L’hypertrophie bénigne prostatique (HBP)

L'augmentation de volume de la prostate, adénome prostatique ou hypertrophie bénigne prostatique (HBP) est une pathologie de la partie centrale de la prostate. Elle peut avoir comme conséquence l'apparition progressive d'une gêne à l'évacuation de la vessie ou des envies fréquentes d’uriner et d’autres complications (lithiase, hématurie, rétention d’urines…). Un traitement médical est habituellement proposé en première intention, il peut avoir certains effets secondaires et une efficacité limitée. L’intervention chirurgicale est proposée lorsque le traitement médical n’est plus suffisamment efficace ou lorsqu’une complication apparaît. Elle consiste à enlever l’adénome pour élargir le canal urinaire, soit par voie endoscopique, c’est la résection transurétrale (par les voies naturelles) de la prostate (RTUP) à l’aide d’un courant électrique de section-coagulation, soit par voie chirurgicale ouverte (par incision sous l’ombilic et sus pubienne).
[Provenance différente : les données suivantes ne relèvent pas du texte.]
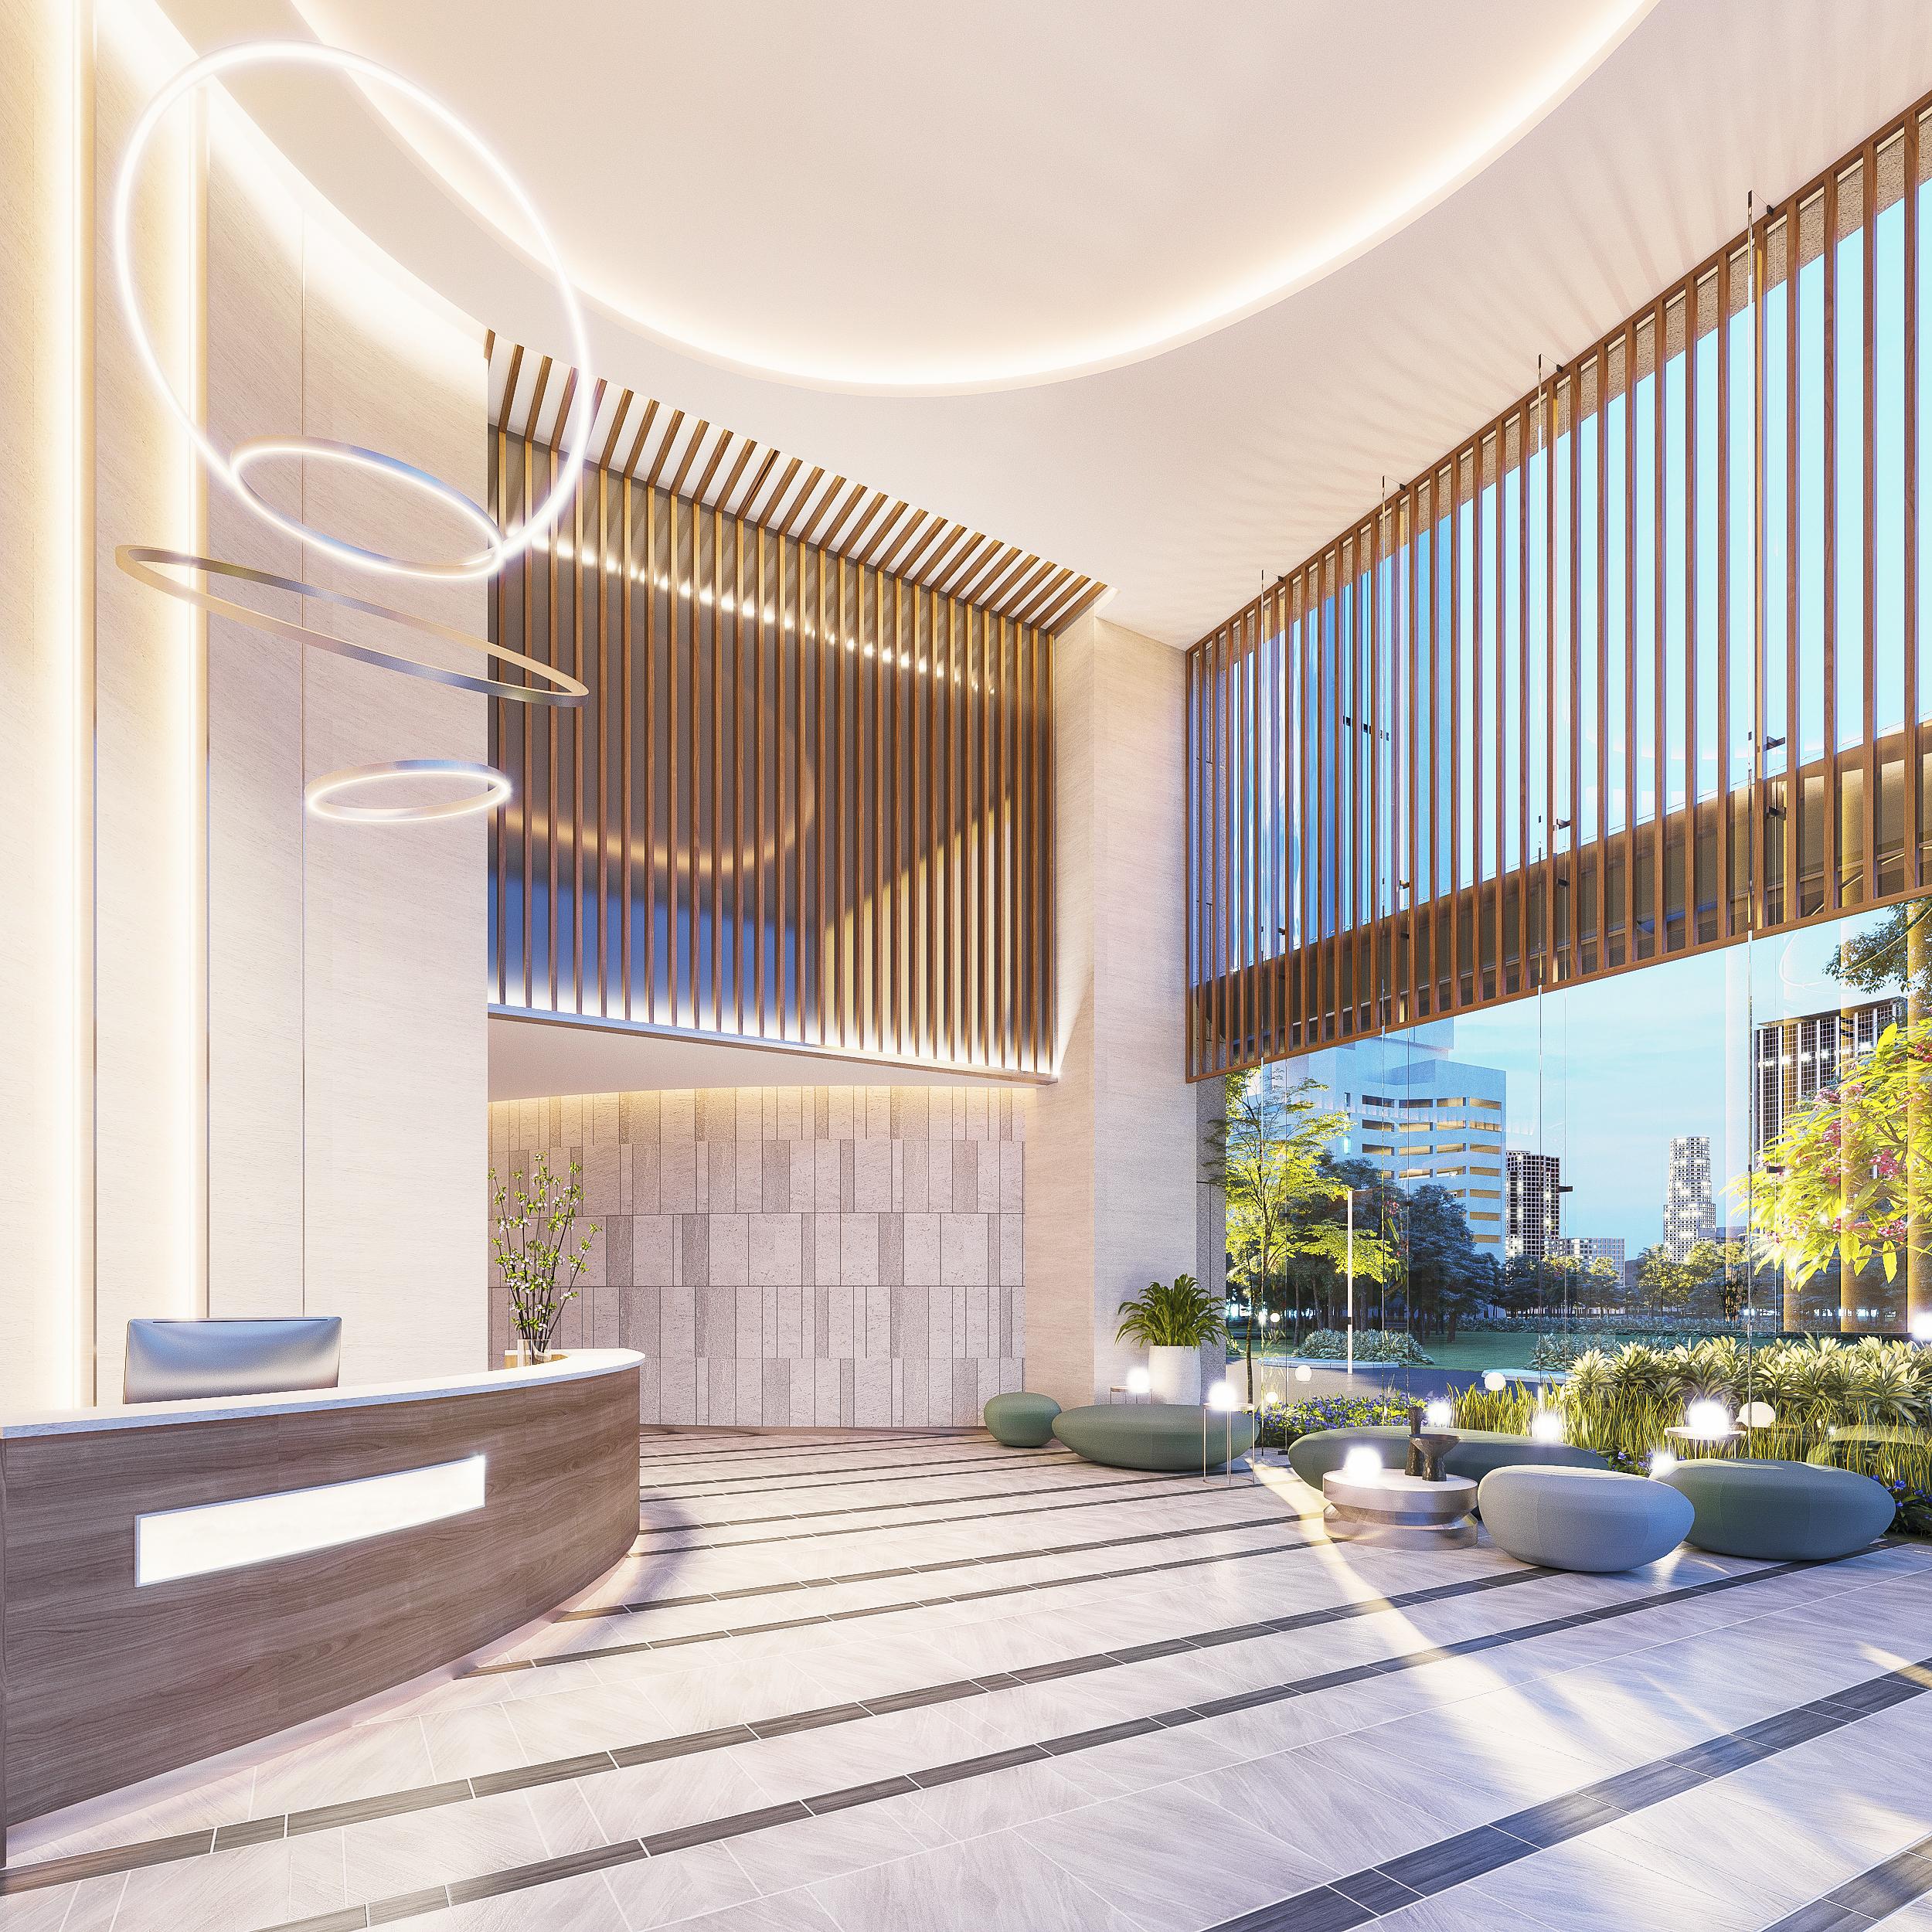 Dự án Urban Hill do kiến trúc sư người Đức thiết kế

Les techniques chirurgicales

Le traitement chirurgical de problèmes de miction obstructive causés par une hypertrophie bénigne de la prostate est dominé depuis plusieurs années par deux techniques. Les prostates dont le volume fait 60 ml ou moins sont principalement reséquées de manière urétrale (RTUP). Pour les prostates plus grosses, l’adénomectomie ouverte (de Hryntschack ou de Milllin) est encore toujours considérée comme le standard, ce qui nécessite une incision sus-pubienne. Pour les deux techniques, il existe suffisamment d’évidence scientifique démontrant leur efficacité et leur sécurité. Toutefois, l’adénomectomie ouverte s’accompagne toujours d’une morbidité importante (risque de saignement important et de transfusion, durée d’hospitalisation, durée de sondage urinaire etc.).

Traitement par laser de l'hypertrophie bénigne de la prostate (adénome de la prostate)
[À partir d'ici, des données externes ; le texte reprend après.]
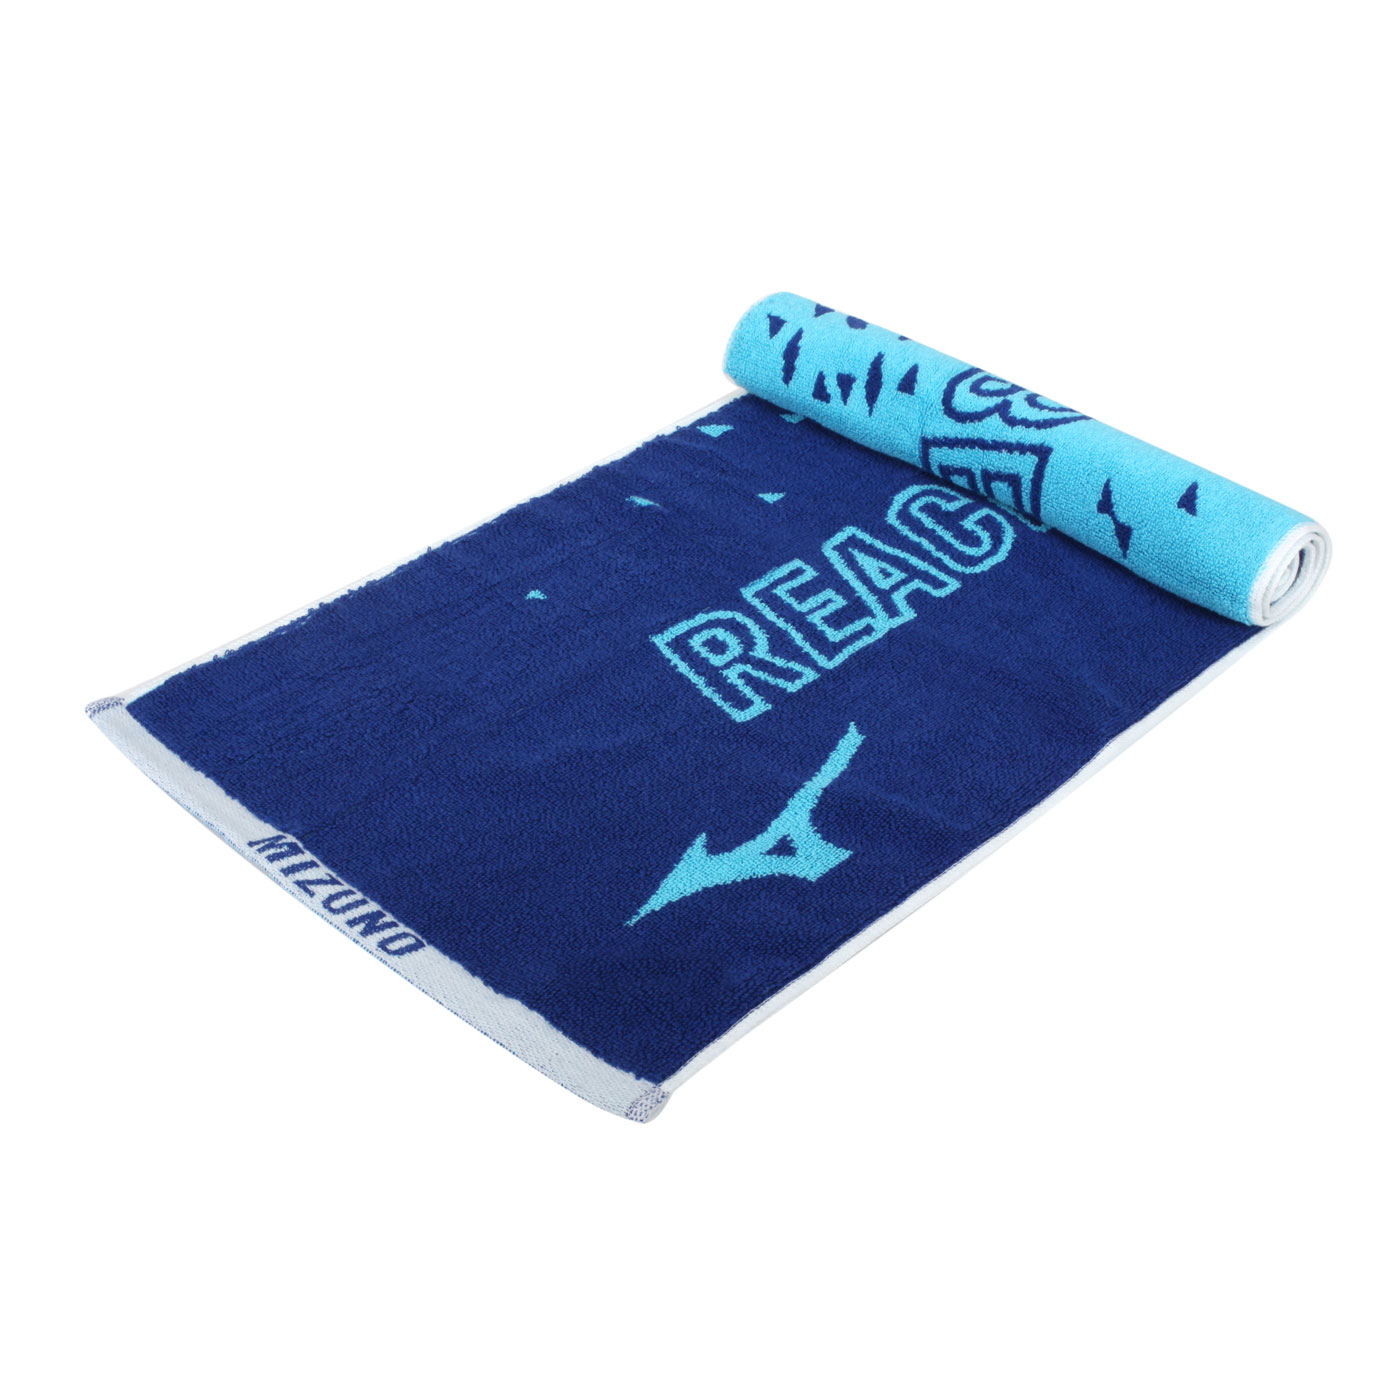 MIZUNO 提花運動毛巾 32TY150427 - 深藍水藍

Ces dix dernières années, différentes techniques au laser sont pratiquées pour le traitement de la souffrance causée par une prostate obstructive. L’ablation au laser Holmium a été la première technique laser utilisée et en 1998. L’intervention a été inventée en Australie et en Nouvelle Zélande. Elle se dénomme « HoLEP » qui signifie Holmium Laser Enucleation of Prostate. Son essor est récent et concerne principalement l’Angleterre et l’Allemagne. Les ministères de la santé du Royaume Uni et de l’Australie ont récemment mené des études qui ont confirmé la supériorité de cette technique opératoire sur les autres techniques endoscopiques.

Ce traitement se réalise en passant par voie naturelle (transurétrale). Il consiste à élargir le canal de l’urètre intraprostatique en enlevant l’adénome qui l’entoure. Le résultat est souvent définitif et permet d’arrêter le traitement médical. L’intervention nécessite une hospitalisation de 1 jour (chirurgie ambulatoire) à quelques jours.
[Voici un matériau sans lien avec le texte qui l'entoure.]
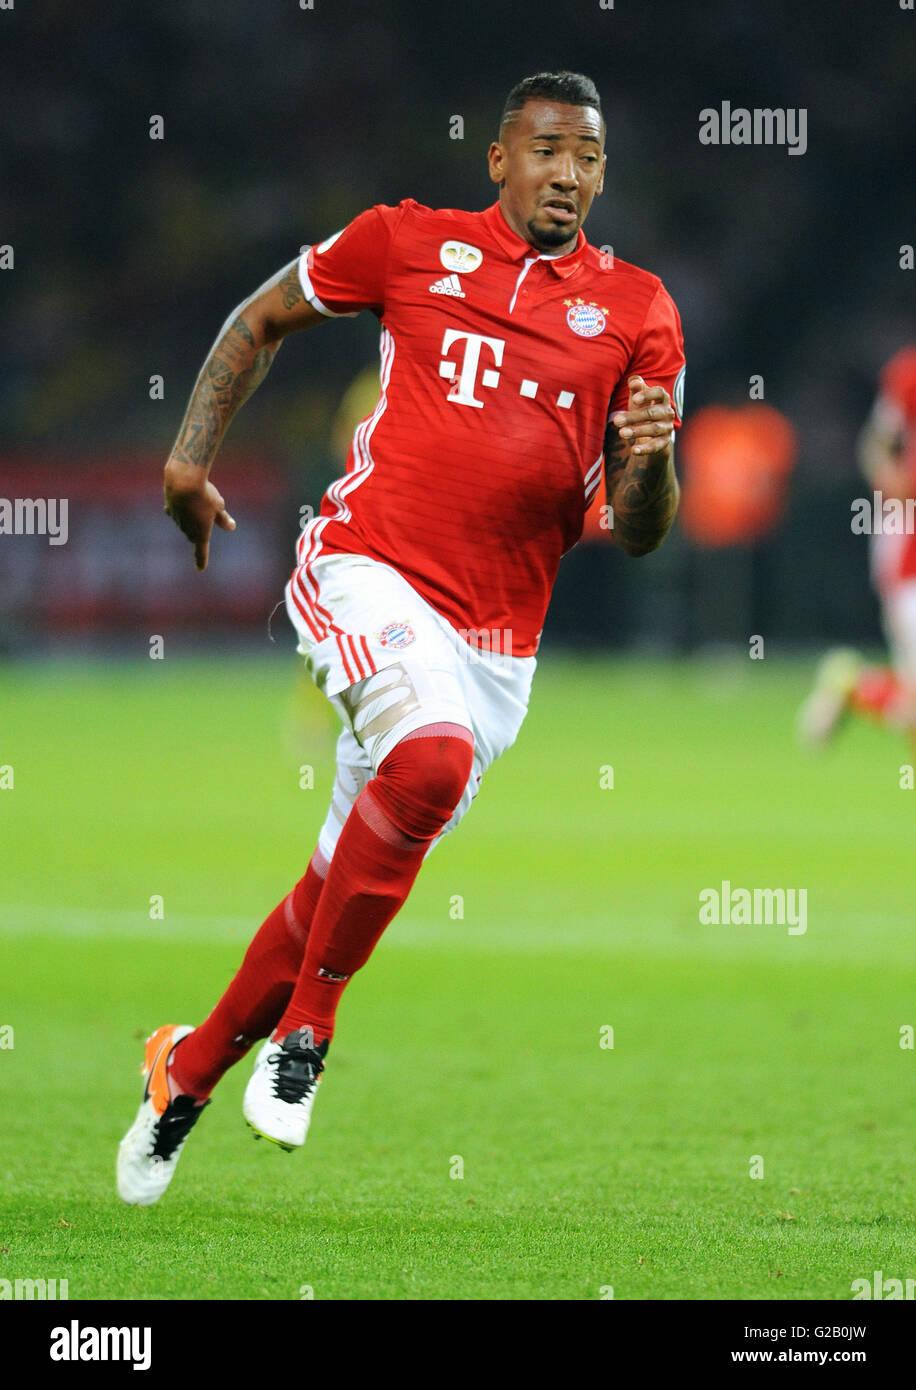 German Cup Final at Olympic Stadium Berlin, FC Bayern Munich vs Borussia Dortmund: Jerome Boateng of Munich. - Stock Image

Préparation à l’intervention

Une échographie de la prostate peut être réalisée pour estimer le volume de la prostate et apprécier l’aspect de la vessie. Une analyse d'urines est prescrite avant l'intervention pour en vérifier la stérilité ou traiter une éventuelle infection.

Technique opératoire

Cette intervention est réalisée sous anesthésie générale ou loco-régionale. Lorsque le volume prostatique est important, une anesthésie générale sera préférée. L’HoLEP est une technique étudiée en profondeur qui utilise un laser holmium. Le laser donne des pulsions très rapides et brèves et possède, comparé à d’autres lasers, une profondeur de pénétration très petite, de seulement 0.4 mm. L’intervention HoLEP consiste en fait en deux parties. Dans une première phase, les lobes obstructifs de l’adénome sont énucléés en direction de la vessie (énucléation). Dans une deuxième phase, ces lobes sont broyés dans la vessie et aspirés au moyen d’un morcellateur conçu à cet effet (broyage).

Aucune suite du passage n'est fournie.